Shakespeare was personally interested in this princely hero. As we have seen, he dims Hotspur's portrait by intrusion of his own peculiarities; and in the case of Harry Percy, this temptation will be stronger.

The subject of the play, a young man of noble gifts led astray by loose companions, was a favourite subject with Shakespeare at this time; he had treated it already in “Richard II.”; and he handled it here again with such zest that we are almost forced to believe in the tradition that Shakespeare himself in early youth had sown wild oats in unworthy company. Helped by a superb model, and in full sympathy with his theme, Shakespeare might be expected to paint a magnificent picture. But Prince Henry is anything but a great portrait; he is at first hardly more than a prig, and later a feeble and colourless replica of Hotspur. It is very curious that even in the comedy scenes with Falstaff Shakespeare has never taken the trouble to realize the Prince: he often lends him his own word-wit, and now and then his own high intelligence, but he never for a moment discovers to us the soul of his hero. He does not even tell us what pleasure Henry finds in living and carousing with Falstaff. Did the Prince choose his companions out of vanity, seeking in the Eastcheap tavern a court where he might throne it? Or was it the infinite humour of Falstaff which attracted him?

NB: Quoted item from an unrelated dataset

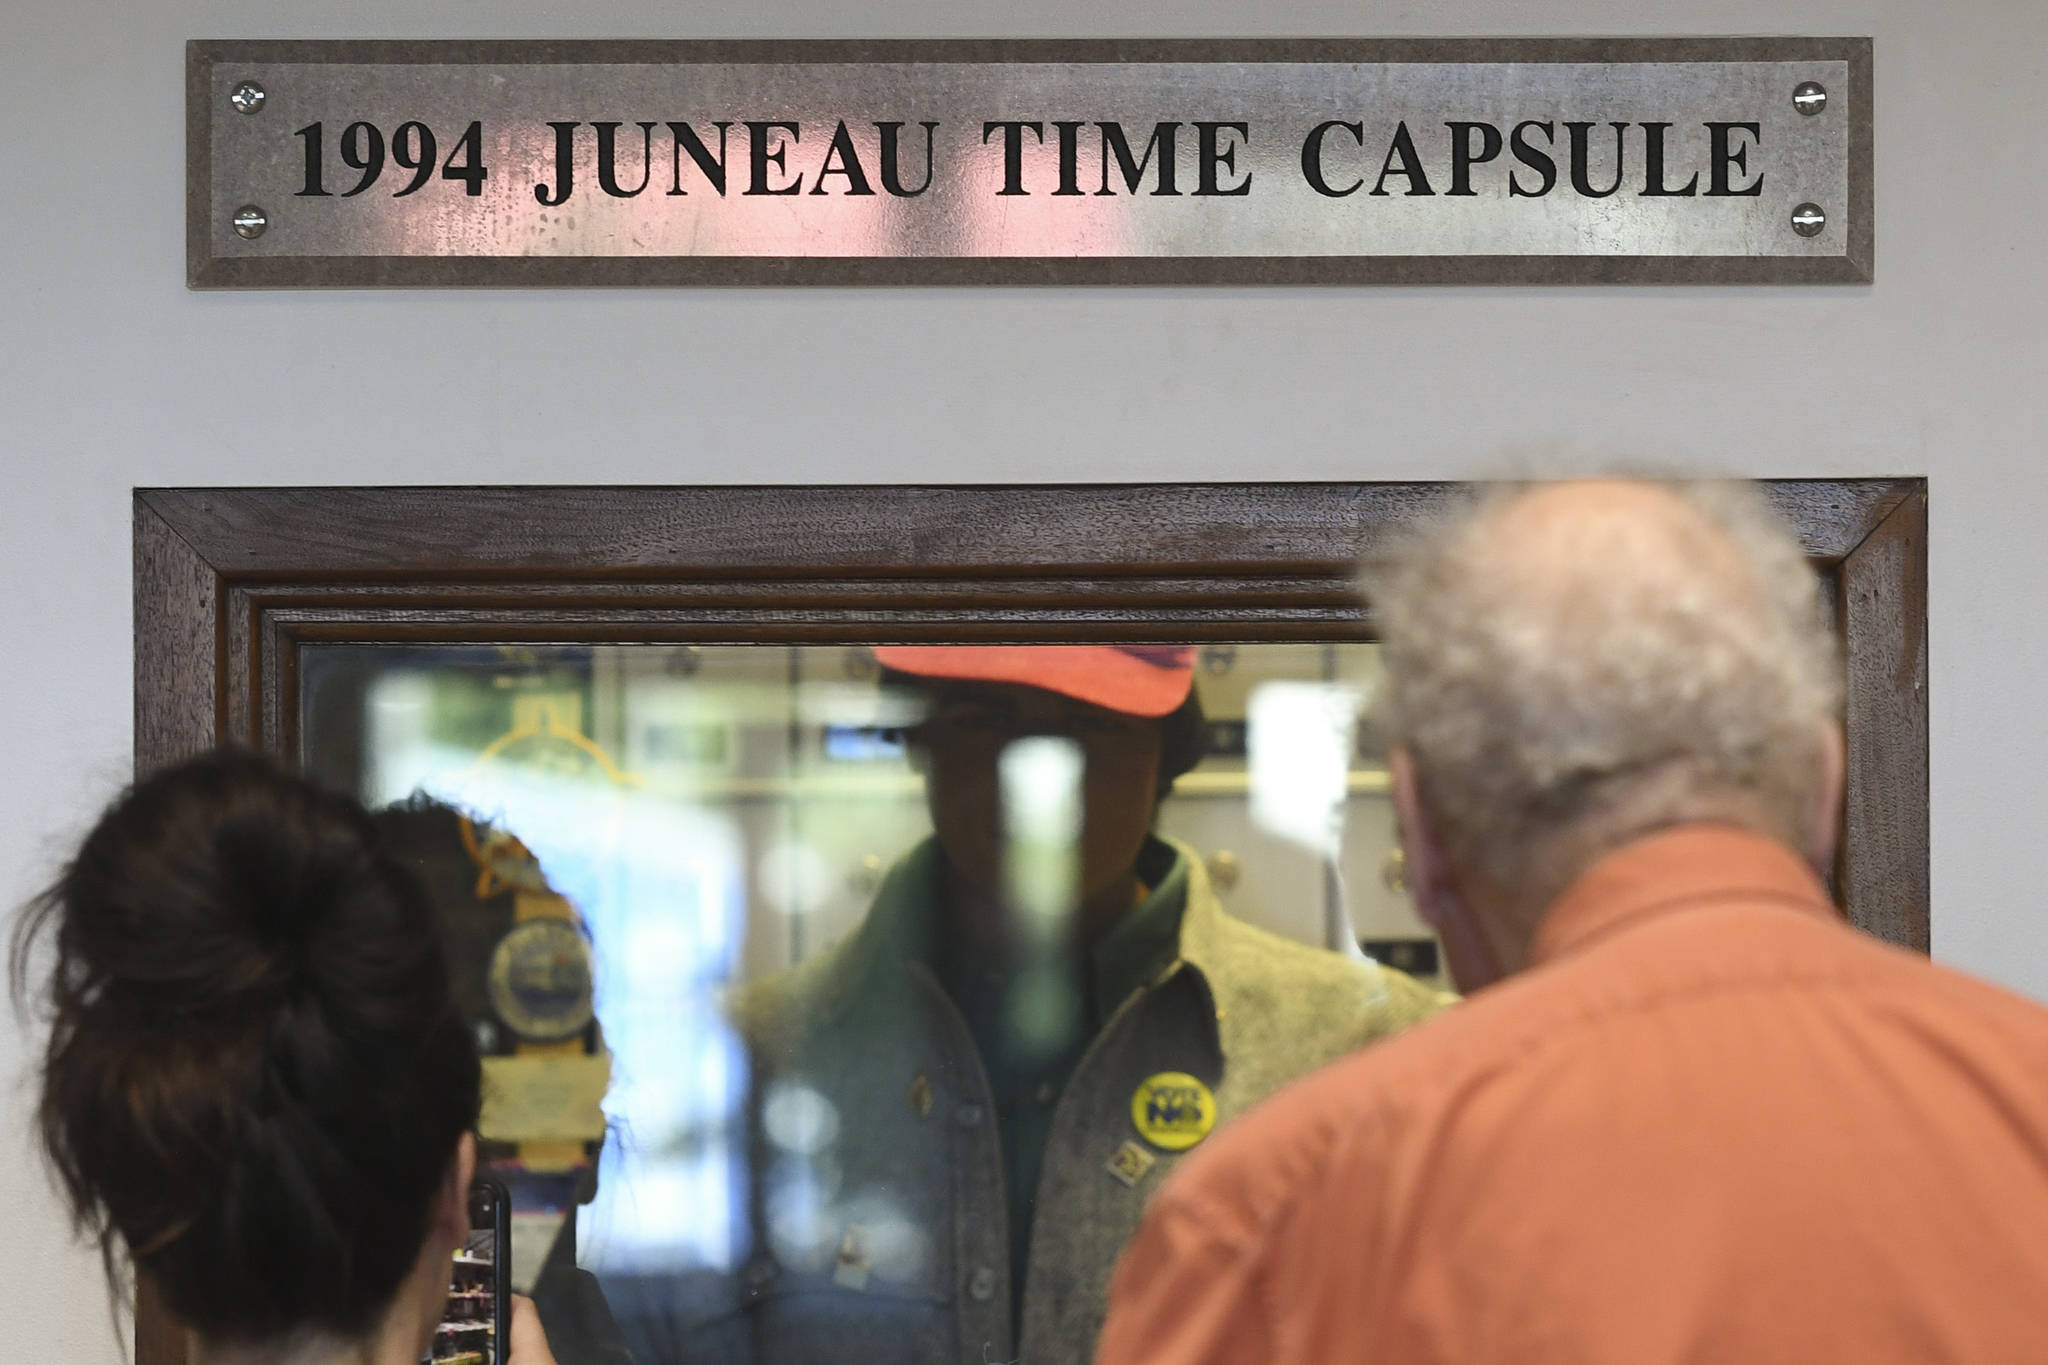 The 1994 Juneau Time Capsule at the Hurff Ackerman Saunders Federal Building in Juneau on Friday, Aug. 9, 2019. (Michael Penn | Juneau Empire)

Or did he break bounds merely out of high spirits, when bored by the foolish formalities of the palace? Shakespeare, one would have thought, would have given us the key to the mystery in the very first scene. But this scene, which paints Falstaff to the soul, tells us nothing of the Prince; but rather blurs a figure which everyone imagines he knows at least in outline. Prince Henry's first speech is excellent as description; Falstaff asks him the time of day; he replies:

“Thou art so fat-witted, with drinking of old sack, and
unbuttoning thee after supper, and sleeping upon benches
after noon, that thou hast forgotten to demand that truly
which thou wouldst truly know....”

This helps to depict Falstaff, but does not show us the Prince, for good-humoured contempt of Falstaff is universal; it has nothing individual and peculiar in it.